Tuning Vision-Language Models and Generative Models with Knowledge Graph
Bridging Human Perception and AI’s Future: The Convergence of Visual Understanding and Semantic Networks
Introduction
The fusion of Vision-Language Models (VLMs), Generative Models, and Knowledge Graphs (KGs) is reshaping how artificial intelligence (AI) understands and interacts with the world. For example, Automatic Image Description for Visually Impaired Users exists in which AI can generate accurate and detailed descriptions of images, aiding visually impaired users in understanding their content.
VLMs integrate visual and textual information, enabling tasks like image captioning, while Generative Models create new, diverse content such as generating text, video, and images. KGs, with their structured representation of real-world entities and relationships, enhance these models by providing deep, contextual insights. This combination unlocks more accurate, relevant, and contextually rich AI capabilities, from improved search engines to creative content generation, making technology more intuitive and closer to human-like understanding and creativity.
Knowledge Graphs
A knowledge graph (KG) is a structured representation of real-world entities and their interrelationships, encapsulating complex information in a graph-structured form where nodes represent entities, and edges denote relationships. For instance, ‘Leonardo DiCaprio’ and ‘Inception’ are nodes linked by an edge representing his role in the film. For more details, refer to this.
Vision-language Models
Vision-language models (VLMs) are tools that combine what they see in pictures with written words to both understand and create new content. They are good at making captions for pictures and answering questions about what’s in an image. DALL-E is a prime example of VLMs. It showcases the capabilities of VLMs by generating images from textual descriptions, combining the fields of computer vision and natural language processing. For instance, if given the prompt “A futuristic city at sunset,”. It generates the following image
Generative Models
Generative models, often part of the broader VLM framework, are capable of creating new content, such as images or text, by learning the underlying distribution of training data, enabling applications like text-to-image synthesis (as in the above instance) and style transfer.
How knowledge graphs work with LLMs
Tuning Vision-Language Models With Dual Knowledge Graph
Previous techniques of tuning Vision-Language models like CLIP-Adapter, TaskRes, and Tip-Adapter have two main issues associated with them. First, they focus on adapting models using knowledge from a single modality (either text or images) which means that they don’t fully utilise the relationship between the two modalities.

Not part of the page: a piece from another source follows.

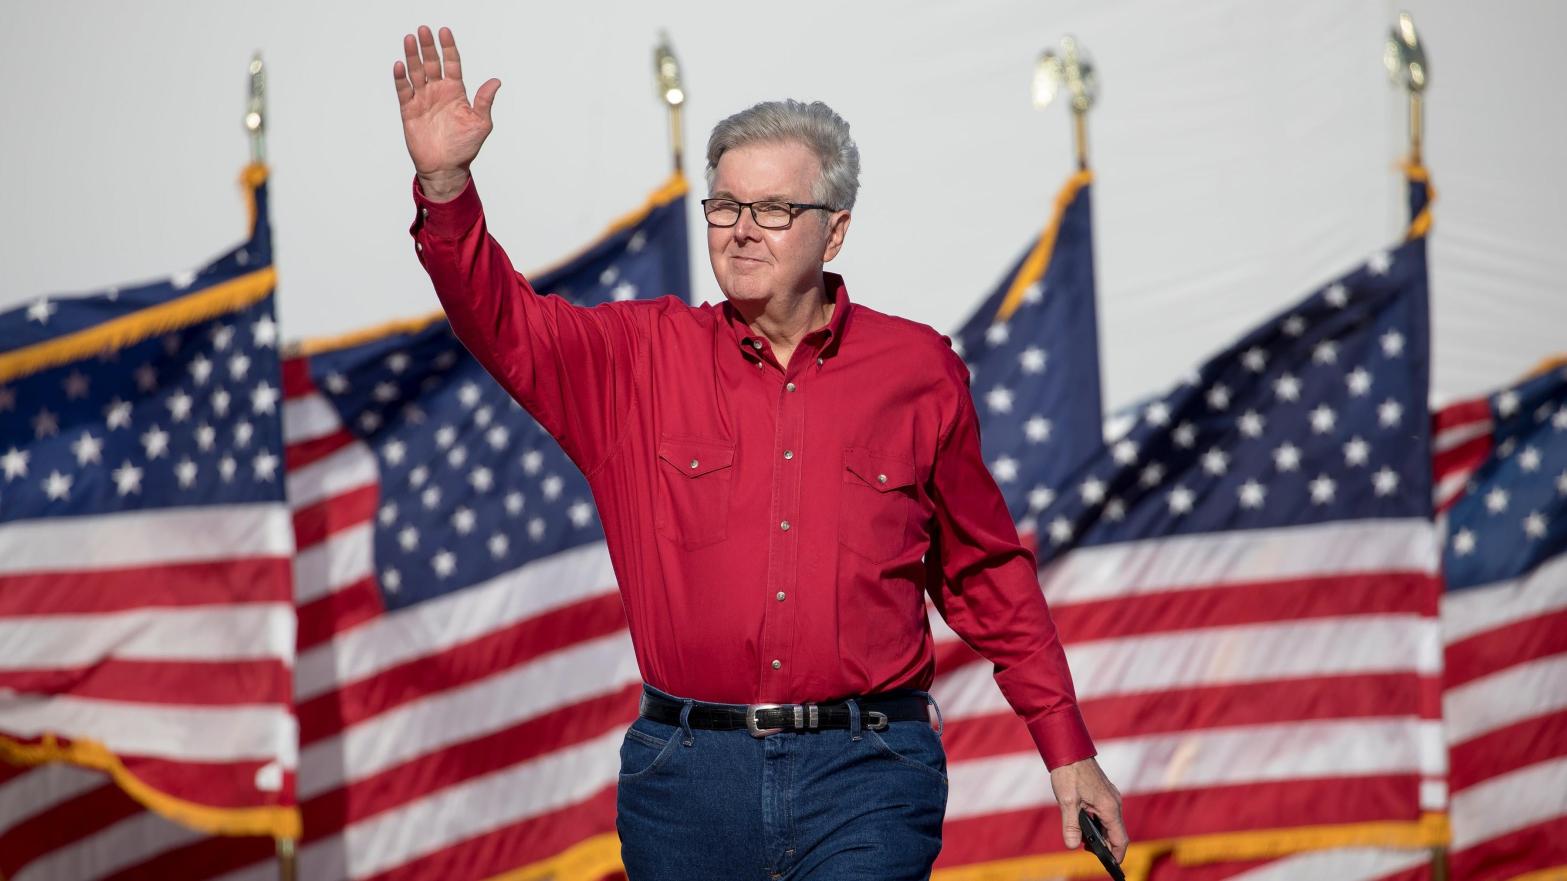 Lt. Gov. Dan Patrick waves to a crowd at a Trump rally.  (Photo: Nick Wagner, AP)

For example, consider an image of a cat and a dog playing together. Focusing solely on the image might lead the model to identify individual objects (cat, dog) but miss the interaction between them. Likewise, focusing solely on the text description might not capture the visual details of the scene.

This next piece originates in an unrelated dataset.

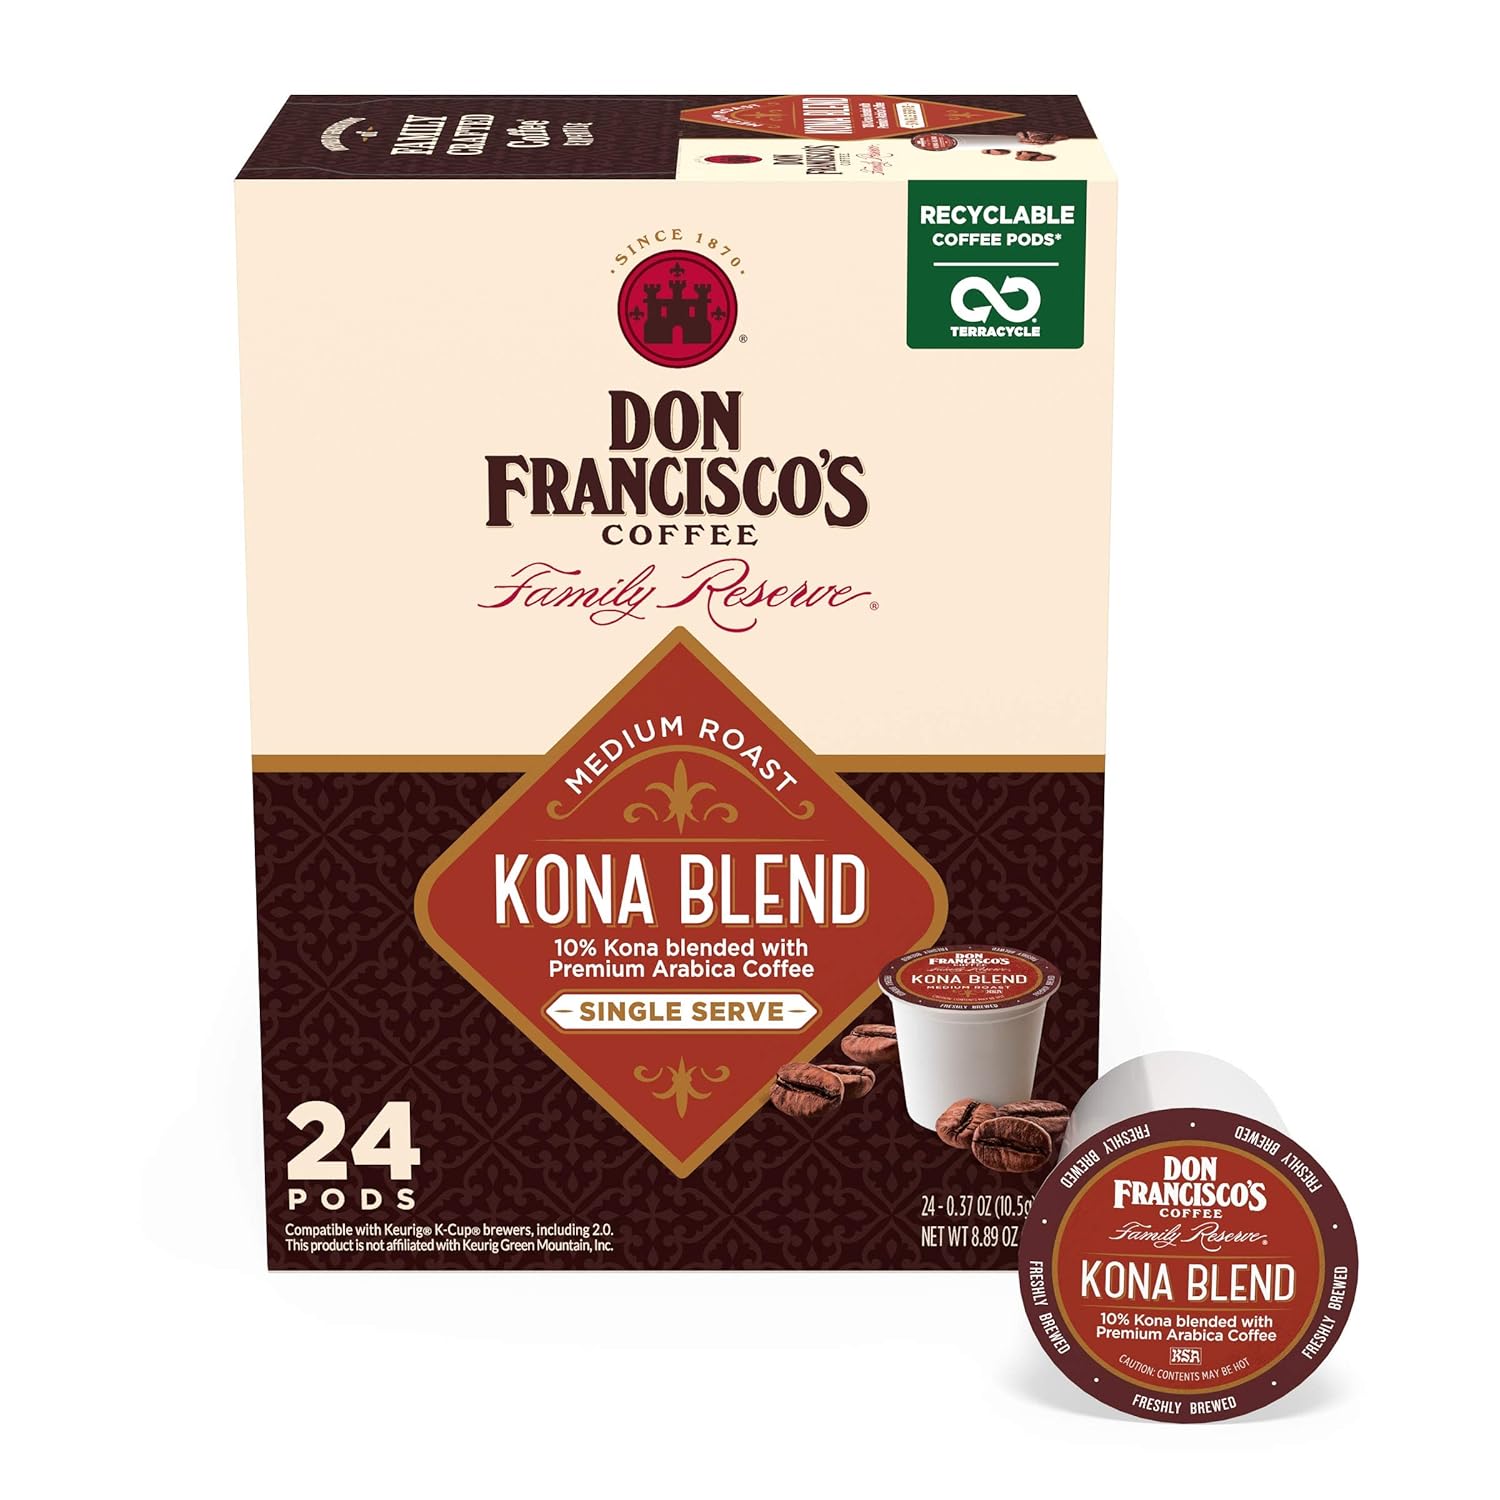 If you are like me and enjoy flavored coffee but need to limit your caffeine, this is a good decaf coffee to go with. I tried the more expensive flavored decaf coffee made by the big

Second, they do not fully leverage the structured knowledge of relationships between different concepts, particularly in scenarios with limited data that can lead to several issues such as suboptimal solutions, bias towards partial attributes, and inefficient transfer and generalisation.

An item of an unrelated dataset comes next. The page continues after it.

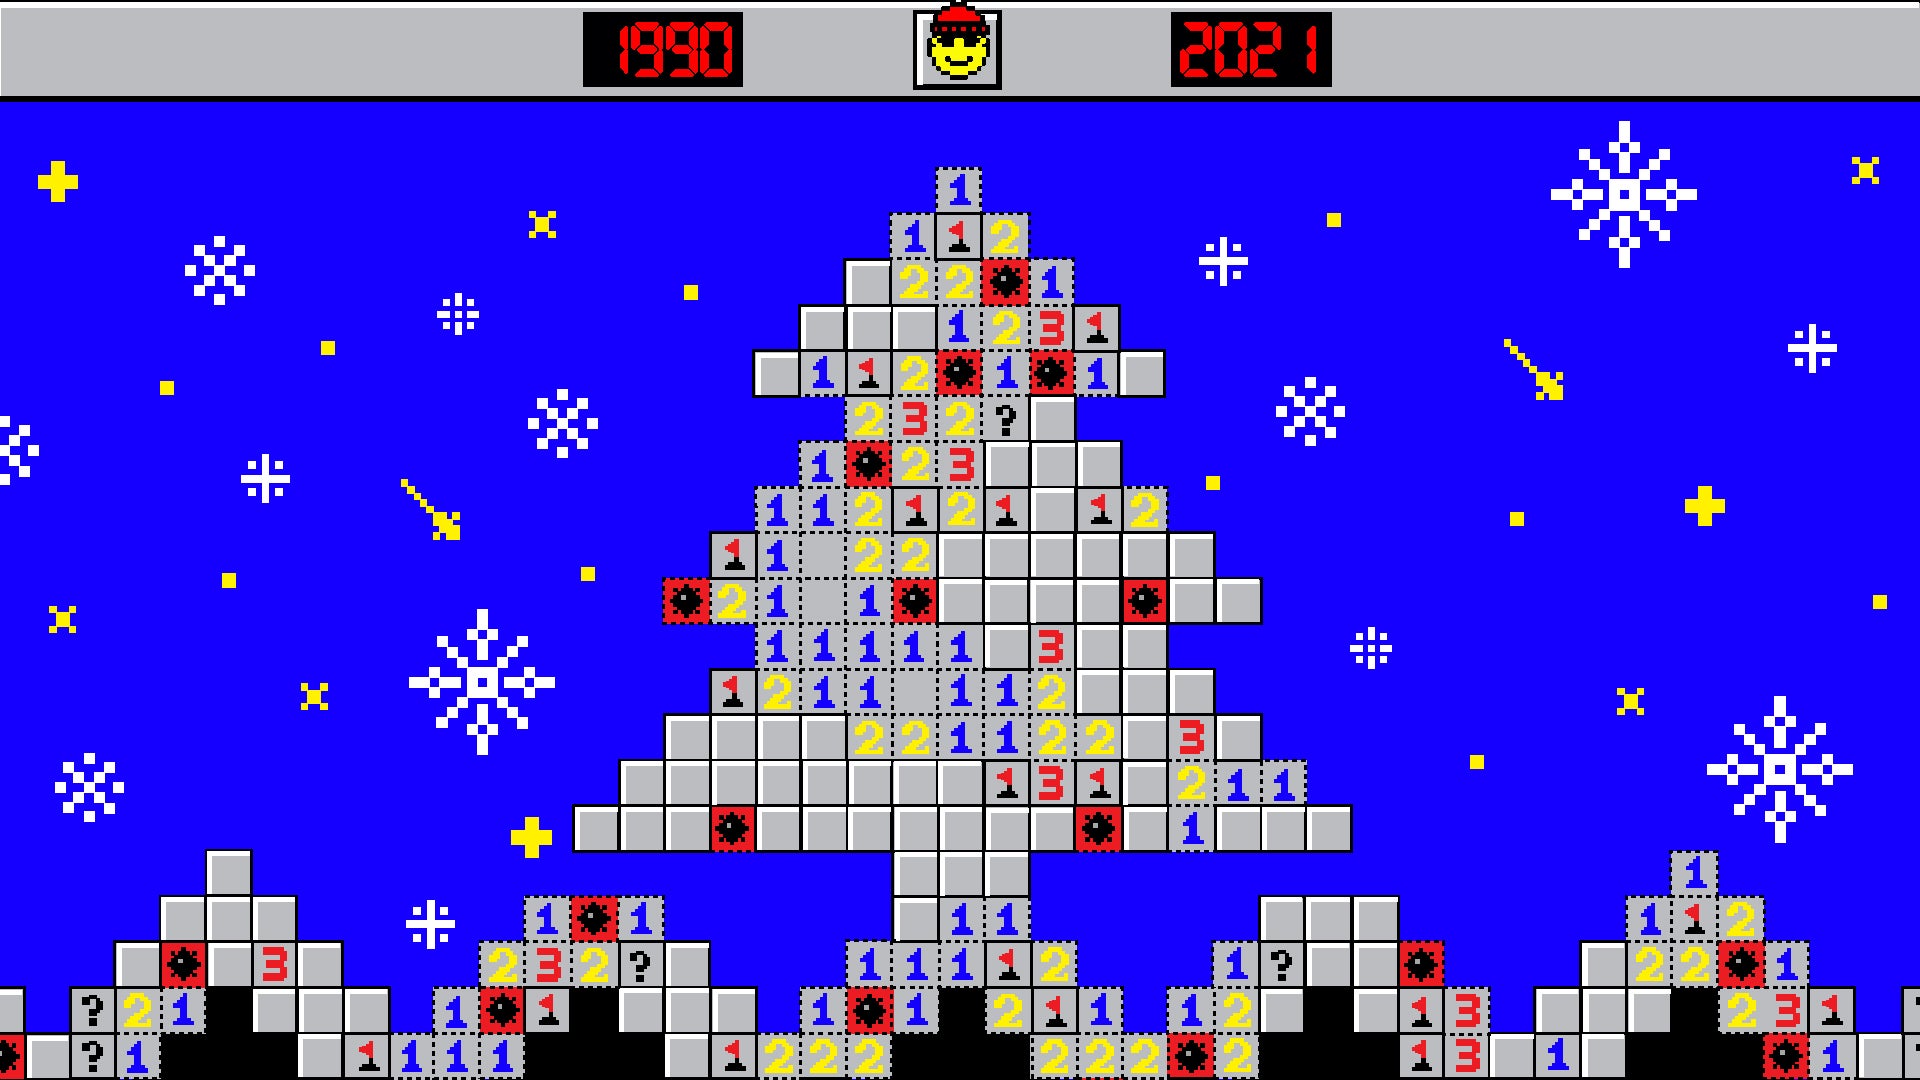 The artwork from Microsoft's Minesweeper Ugly Christmas Sweater.

For example, if the VLM encounters an image of a chef holding a knife, it might struggle to understand the specific action (chopping) without additional knowledge about the relationship between chefs, knives, and food preparation.
The new method of using Dual Knowledge Graphs addresses the limitations of current VLM tuning methods, particularly under scenarios with limited data. The core innovation is the GraphAdapter, a strategy that leverages dual KGs — separate but interconnected graphs for textual and visual knowledge — to enrich the model’s understanding and generation capabilities.
By creating two interconnected KGs — one for text and another for visual information — the GraphAdapter enables VLMs to draw on a richer set of relationships and semantic understandings. This dual-graph approach allows the model to better capture the nuances of how objects and concepts are related across visual and textual data, leading to more accurate and context-aware outputs.
In the above image, while the output classifications might look similar at a glance, the essence of GraphAdapter’s innovation is not just in the accuracy of classification but in how it achieves this result. By leveraging dual Knowledge Graphs, GraphAdapter can potentially offer richer contextual understanding and generalisation capabilities, especially in “low-data regimes” or when faced with nuanced, fine-grained distinctions between classes. This approach marks a significant shift from previous methods, aiming to deeply integrate cross-modal knowledge and structured relationships into the adaptation process for Vision-Language Models.
A direct comparison of the results across different methods, including Zero-shot CLIP, CLIP-Adapter, TaskRes, and their proposed GraphAdapter, has been shown in the image below. It shows how GraphAdapter consistently outperforms the baseline methods across different numbers of shots, underscoring the effectiveness of integrating dual Knowledge Graphs for structured knowledge exploitation.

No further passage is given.